On 16 March 2025, the Professional Tennis Players Association ("PTPA"), co-founded by Novak Djokovic, launched a wave of antitrust complaints in the EU, UK and the US, targeting the Association of Tennis Professionals ("ATP"), the Women's Tennis Association ("WTA"), the International Tennis Federation ("ITF") and the International Tennis Integrity Agency ("ITIA") (together, the "Tennis Agencies"). The complaint alleges that the Tennis Agencies operate as a cartel, stifling competition among tournament organisers, restricting player freedom, and supressing player wages.


The Commission is reportedly examining whether the Tennis Agencies' dual roles regulating the sport and commercially controlling it, amount to an abuse of dominance under Articles 101 and/or 102 TFEU. IF this sounds familiar, it should; the same structural concerns were central to the recent European Superleague ruling, which challenged closed systems and discretionary governance in football.


In the UK, the Competition and Markets Authority is assessing similar issues following concerns that British tournaments restrict players' commercial autonomy. Meanwhile, in the US, the PTPA has filed a federal antitrust lawsuit, claiming the tennis ecosystem suppresses competition for athlete services and imposes exclusionary restrictions on players and agents.


Whilst the law suits are focused on the issues in professional tennis, professional rugby should be playing very close attention.


At the heart of the tennis complaint is the problem of dual governance: bodies like the ATP and WTA simultaneously regulate the sport and profit from the events they control. That same structural issue is mirrored in rugby, where entities like World Rugby and Premiership Rugby act as both regulator and commercial operator.
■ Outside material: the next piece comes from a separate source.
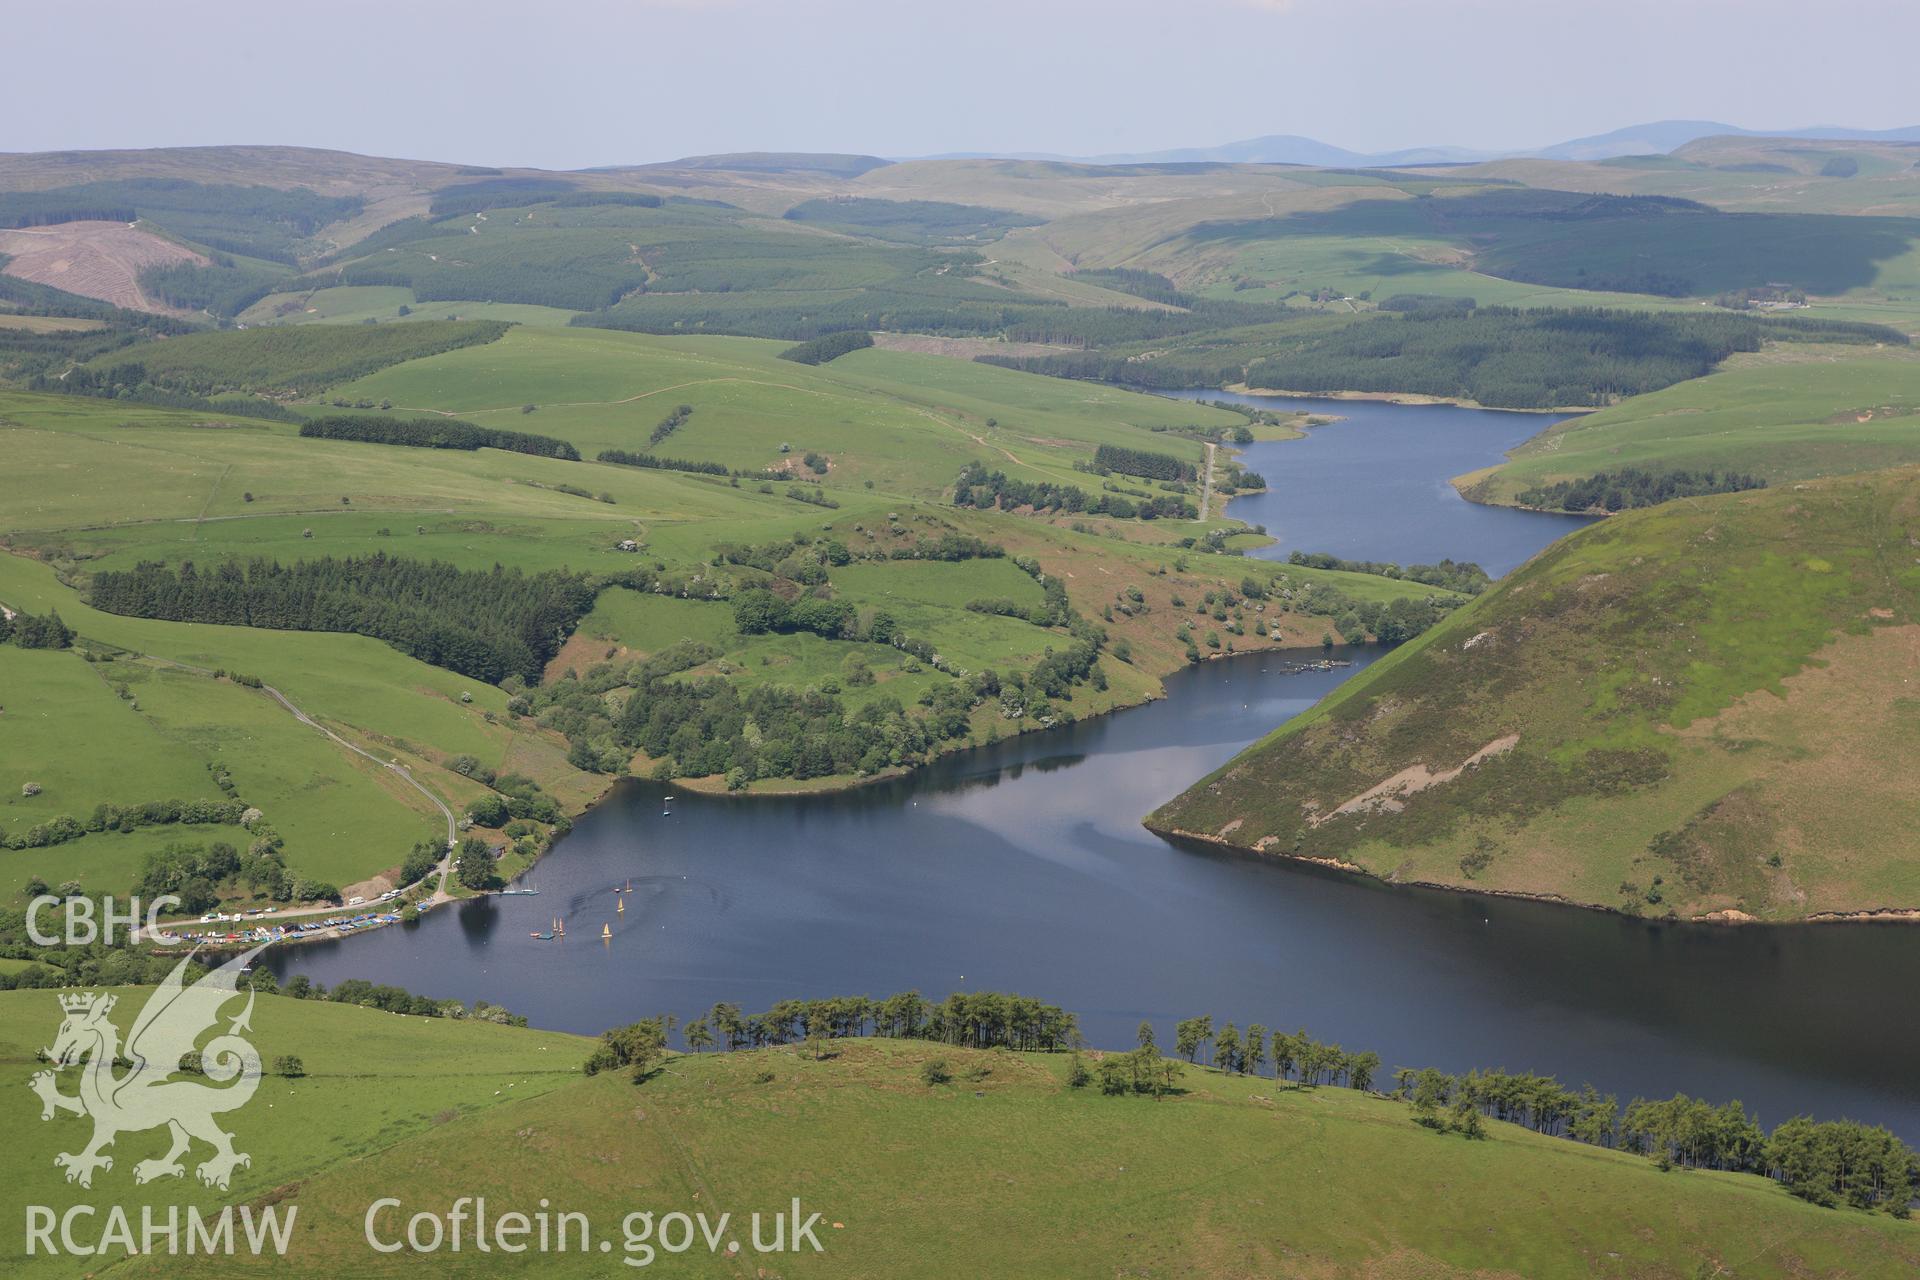 RCAHMW colour oblique aerial photograph of Llyn Clywedog Reservoir, Llanidloes. Taken on 02 June 2009 by Toby Driver
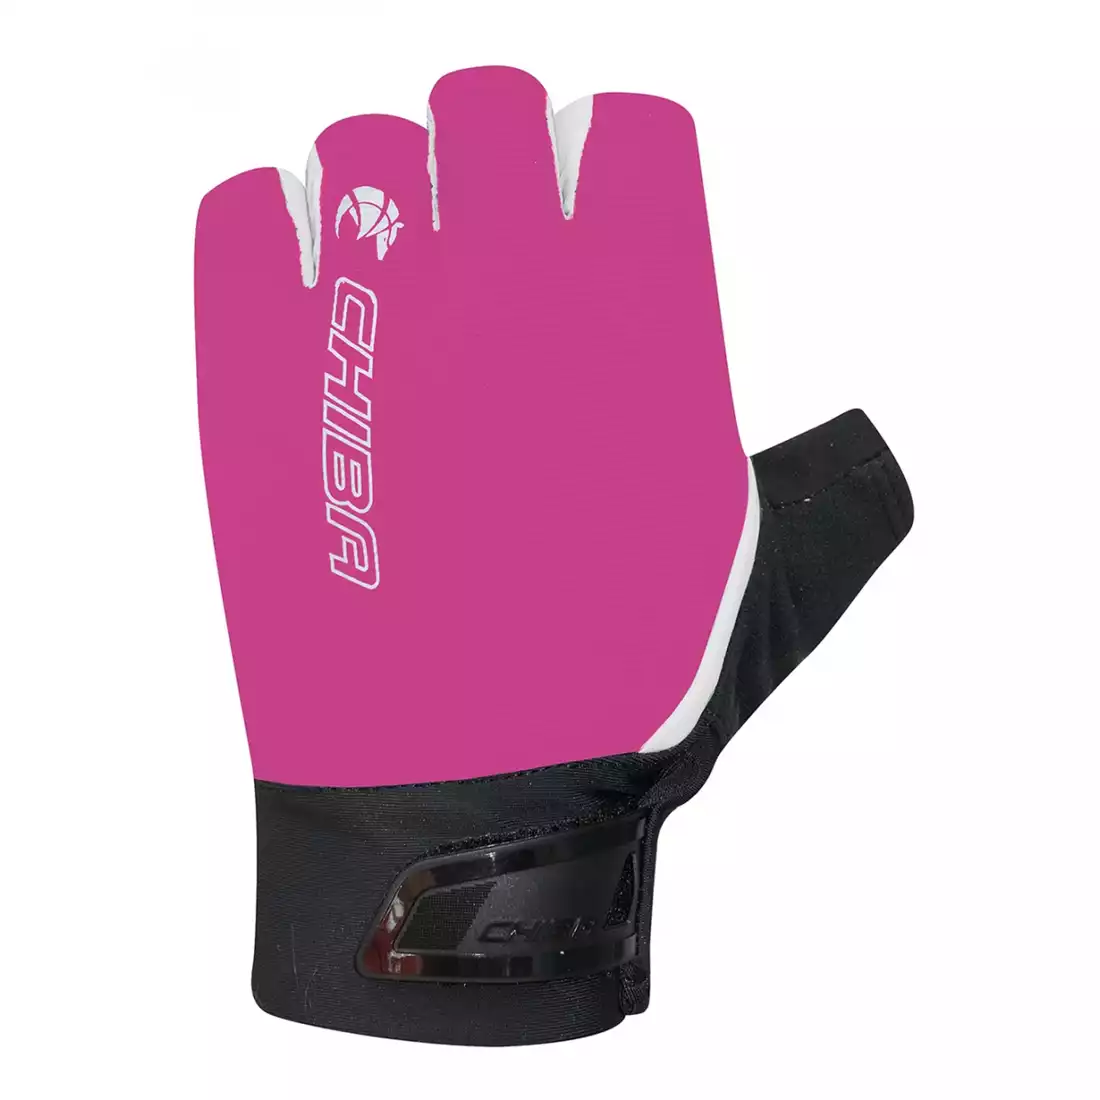 CHIBA LADY SUPERLIGHT Women's cycling gloves, pink

They control scheduling, player eligibility, wage caps, and tournament access, whilst also control the TV deals and prize pools.


This raises several red flags:

  1. Are these governing bodies abusing their dominant positions?

  2. Do wage structures amount to disproportionate restrictions of competition given their failure to create financially robust teams?

  3. Is the method of revenue distribution justified given its impact on teams seeking to enter the Premiership?


Professional rugby union is under commercial and structural strain. In England, several clubs have gone into administration. Player face significant wage compression under the domestic salary cap, and as the number of teams in the league has fallen, have fewer options for switching (thereby increasing the teams' monopsony power). There is no meaningful player union with independent legal or economic leverage comparable to the PTPA in tennis, or even the FIFPRO in football.


The PTPA's multi-jurisdictional legal strategy can be a template for other athlete groups, especially in sports where legacy governance structures are no longer fit for purpose. Rugby players, individually or collectively, might consider:


  1. challenging wage caps;

  2. scrutinising restrictions on international eligibility; and

  3. building an independent professional body


The PTPA's law suits are a challenge to how modern sport is organised. For rugby, the risks of inertia are real: increasing financial instability, the eroding of trust between players and governing bodies, and growing legal exposure.


As tennis players make their move through the courts, rugby should consider being next in line. The question is whether its leaders are ready to evolve, or whether the law will force that change upon them.